A dietary modification was established by extending the feeding duration to 90 min and was in conjunction with the initiation of diazoxide at a dose of 7.5 mg/kg/day. Subsequently, there was a partial improvement in glucose levels, with a nadir of 51 mg/dL observed 2 h post feeding. Consequently, the dose of diazoxide was titrated up to 10 mg/kg/day, which led to an overall enhancement in glucose levels, as evidenced by a pre-prandial glucose level of 75 mg/dL and a postprandial level of 139 mg/dL at 4 h, without any significant hypoglycemic events. The patient was discharged home with the same dose of diazoxide (10 mg/kg/day) and several cardiac medications, including sotalol (3 mg t.i.d.), digoxin (15 µg b.i.d.), enalapril (0.4 mg b.i.d.), famotidine (4 mg b.i.d.), and subcutaneous enoxaparin (6 mg b.i.d.) for nonocclusive arterial thrombi. The standard diuretic therapy with Chlorothiazide was not started in lieu of furosemide (5 mg t.i.d.) that was added to the regimen for cardiac issues. The patient's weight upon discharge was 4.35 kg. The patient was monitored in the outpatient setting with blood glucose levels remaining above 60 mg/dL at home, thus maintaining the same dose of diazoxide and allowing gradually weaning through progressive weight gain.
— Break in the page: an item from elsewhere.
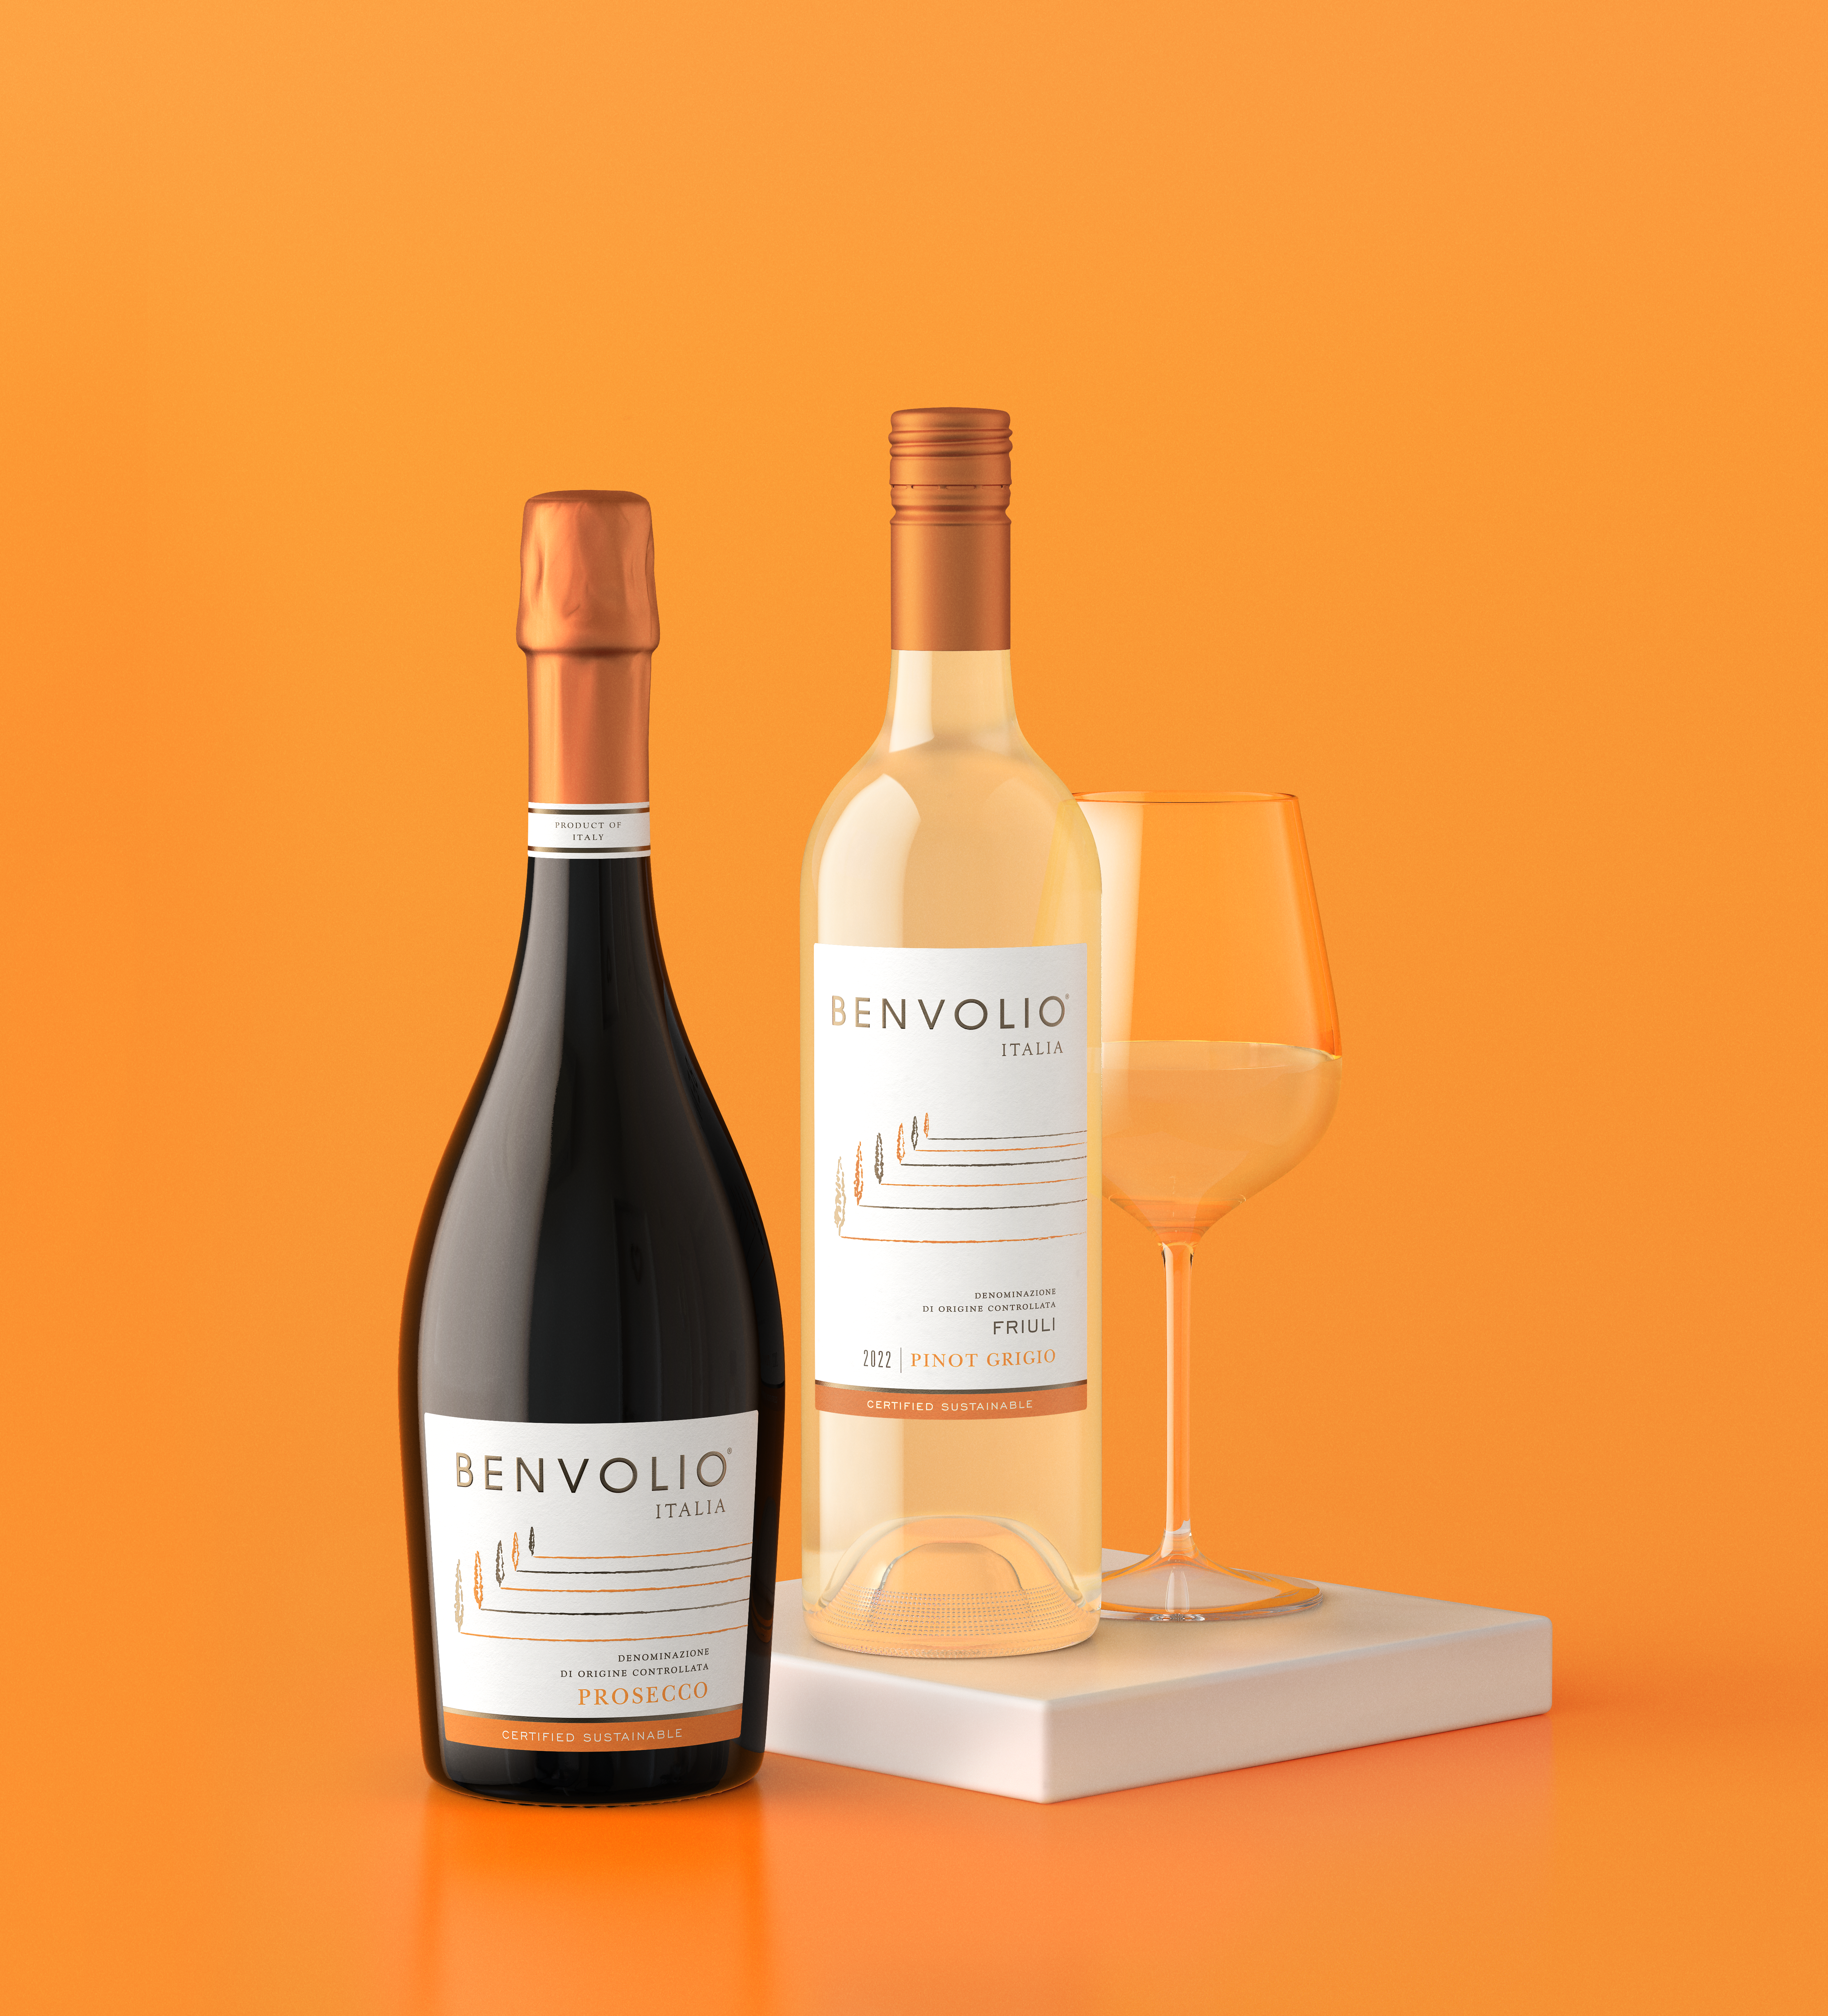 Benvolio Bottles of wine
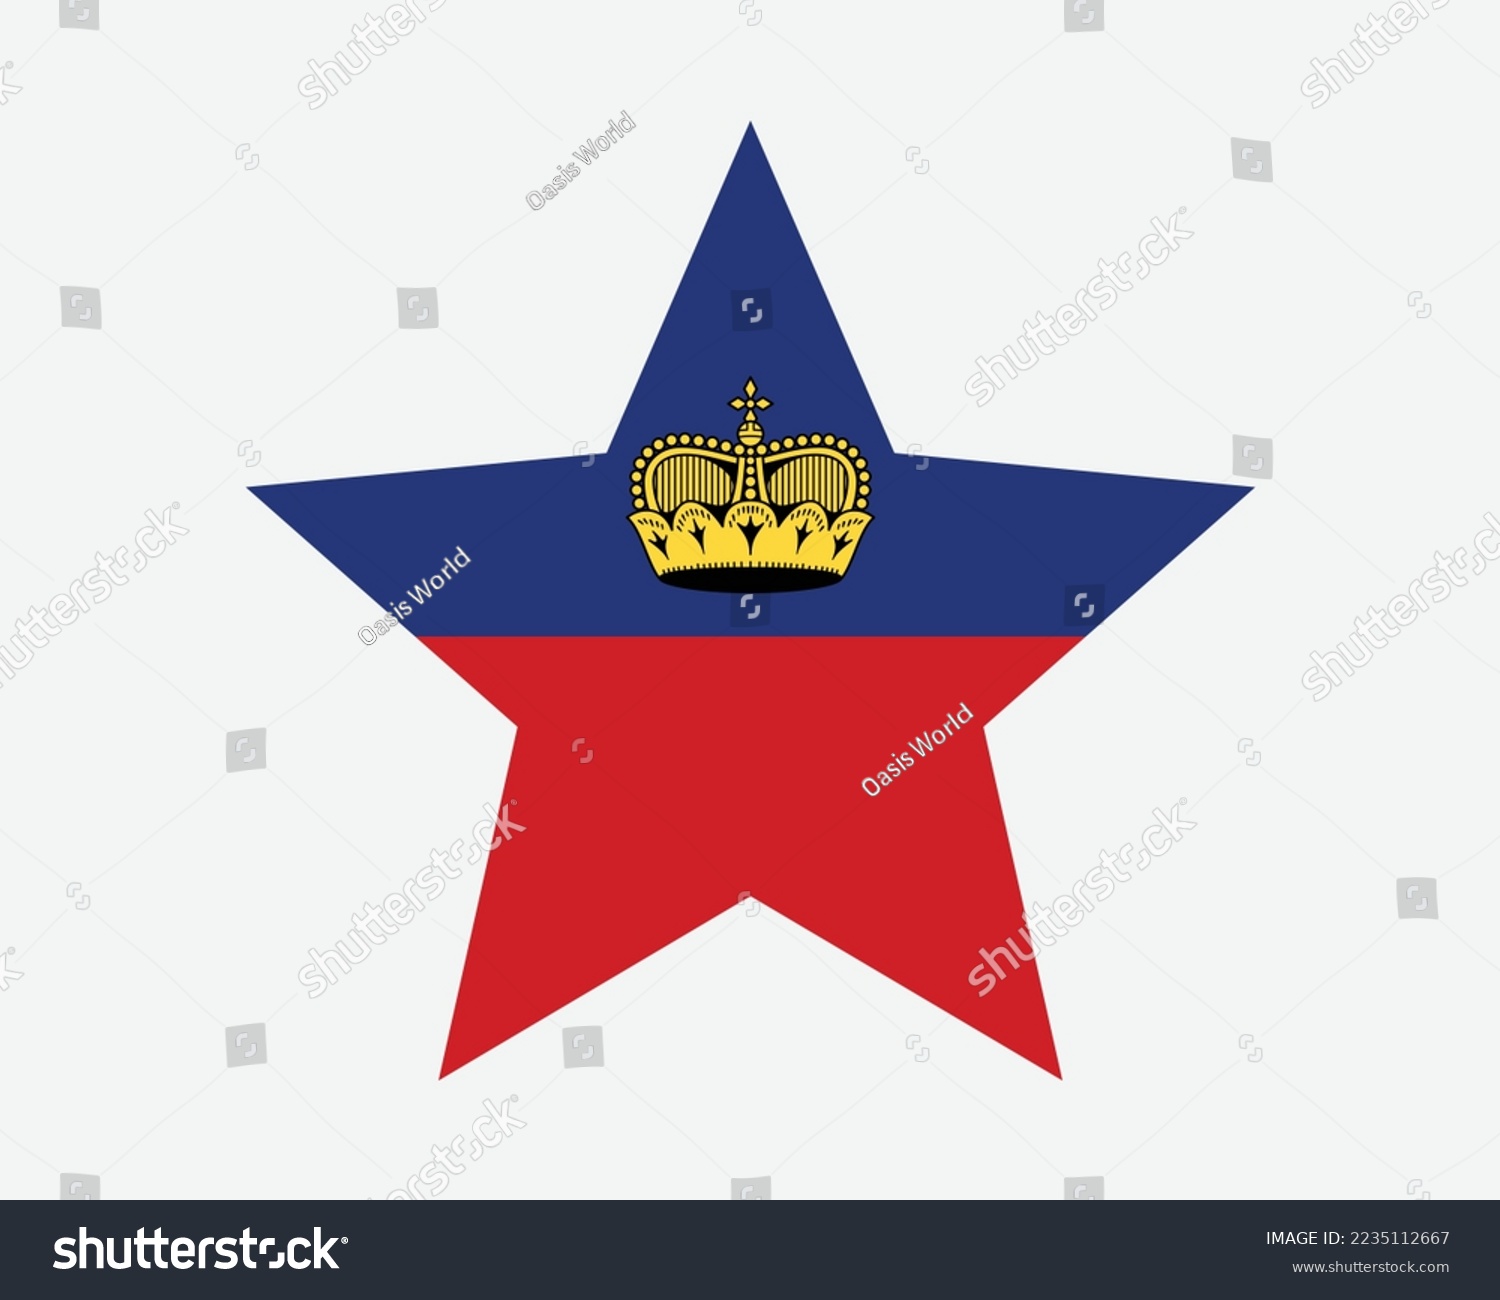 SVG of Liechtenstein Star Flag. Liechtensteiner Star Shape Flag. Country National Banner Icon Symbol Vector Flat Artwork Graphic Illustration svg

At 5 months of age, the patient was admitted for stage II palliative surgery, that included superior cavopulmonary anastomosis, atrial septectomy, and central shunt takedown. Diazoxide was discontinued perioperatively during the second hospitalization and was not resumed in the setting of consistent normoglycemia. Following an uneventful 12-day hospitalization, the patient was discharged with a blood glucose level that remained above 65. A fasting glucose test was not performed prior to discharge.

Discussion

The phenomena of DS can be subdivided into either early or late onset. Early DS occurs within 10–30 min postprandially and is due to a rapid shift of osmotic fluid from the stomach to the small intestine. This osmotic shift causes vasomotor symptoms such as flushing, tachycardia, and hypotension, as shown in Fig. 1. Late-onset DS occurs 1 h after a meal and is primarily caused by the rapid absorption of glucose into the bloodstream. This rapid absorption leads to hyperglycemia, followed by hyperinsulinemia and reactive hypoglycemia (3).

Figure 1
Figure 1

Illustration of DS.

Citation: Endocrinology, Diabetes & Metabolism Case Reports 2024, 1; 10.1530/EDM-23-0137

In our patient, delayed onset DS was observed at the 5-h mark after feeding. This highlights the concern regarding the development of significant hypoglycemia despite the presence of normal to high levels of postprandial glucose. This phenomenon may be easily overlooked in young children or children with significant comorbidities, where the typical clinical symptoms of hypoglycemia are not apparent. Furthermore, the diagnosis of DS can be confirmed through a glucose tolerance test (2). The initial management strategy for DS involves dietary modifications, which include the consumption of small, frequent meals supplemented with fiber and starch (4). While octreotide is a viable treatment option, due to its ability to reduce insulin secretion and prevent reactive hypoglycemia, it is not the preferred pharmacotherapy. Its use requires subcutaneous injection prior to each meal, which may impact patient compliance, it may result in steatorrhea due to the inhibition of other pancreatic exocrine hormones, and it carries a dose related risk of necrotizing enterocolitis (NEC) (5, 6). Acarbose is an alpha-glycosidase inhibitor that delays carbohydrate absorption from ingested food, thus minimizing postprandial hyperglycemia. However, its use is limited by gastrointestinal side effects, mainly bloating (4).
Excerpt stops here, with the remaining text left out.